Unsurprisingly, Jews and Israel are regularly on the front line for the cyber-bullies. While the Community Security Trust forensically records the hundreds of antisemitic incidents against Jews in Britain every year, the scale of what is happening on the web makes it impossible for the organisation to fully monitor.
The CST has regularly called on social media groups to police their sites and prevent the spread of extremism and abuse. But the charity recognises that proscribing an organisation or censuring an individual has limited impact. It takes seconds to set up another fake email address, username or profile and get back to spreading hatred.
Our community must be vigilant. The internet has been a game-changer for opponents of Israel. The proliferation of blogs, informal news sites and tweeters poses a challenge to those who seek to defend it.
Consider the case of one anti-Israel activist who previously would have spoken only at the odd meeting attended by a small number of like-minded people, but who is now at the forefront of the Twitter assault, sending 40 tweets a day to thousands of followers around the globe. He writes blogs for newspapers, magazines and independent sites, and has built up a considerable cult following among supporters who might otherwise have never heard of him. All of this without even needing to leave the house.

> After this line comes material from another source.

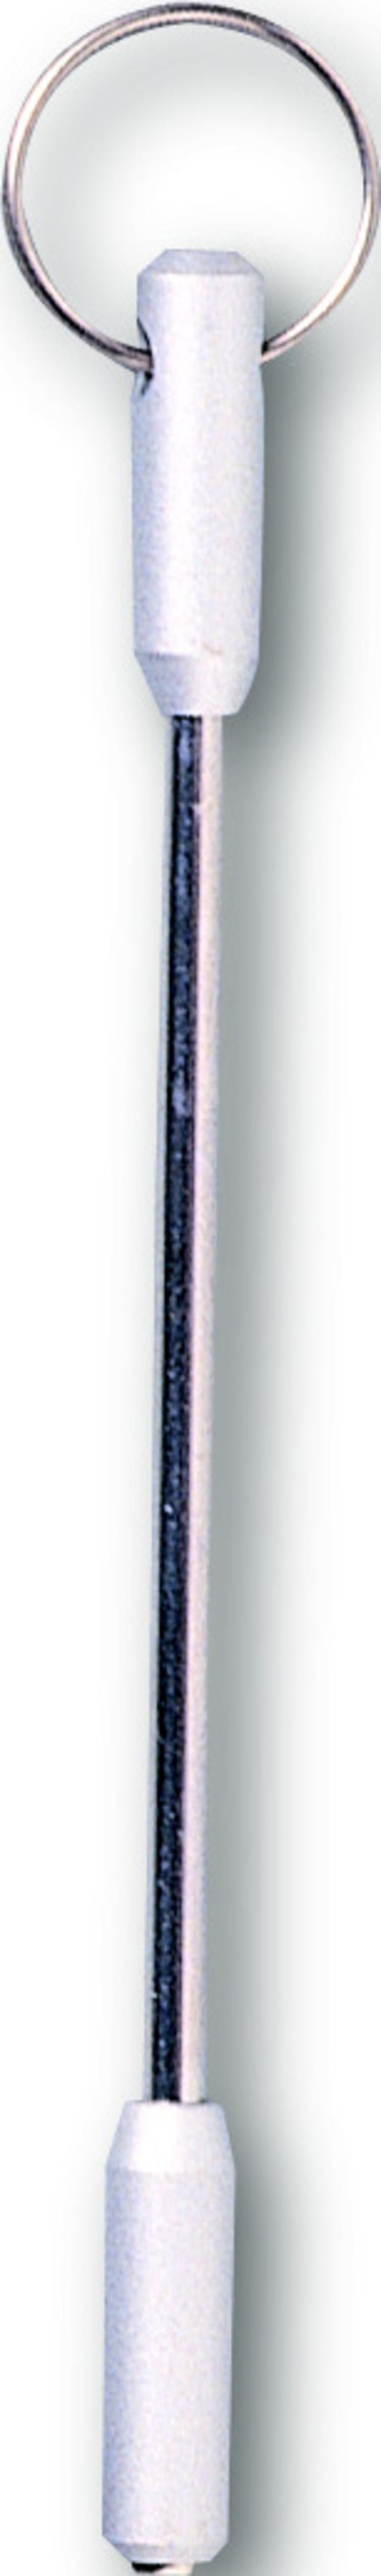 C&F Design 3-in-1 Nail Knot Pipe & Line Needle (CFA-11)

There are, of course, many Israel advocates using the web to promote their work. Within British Jewry, however, there are too many who are prepared to speak quietly in support of Israel, yet are reluctant to raise their heads above the parapet. The internet and its associated problems will not go away. As new technologies are devised, the age-old threat of antisemitism will find new vehicles through which to seep into our daily lives. We cannot eliminate it, but we must be adequately prepared for the battle ahead.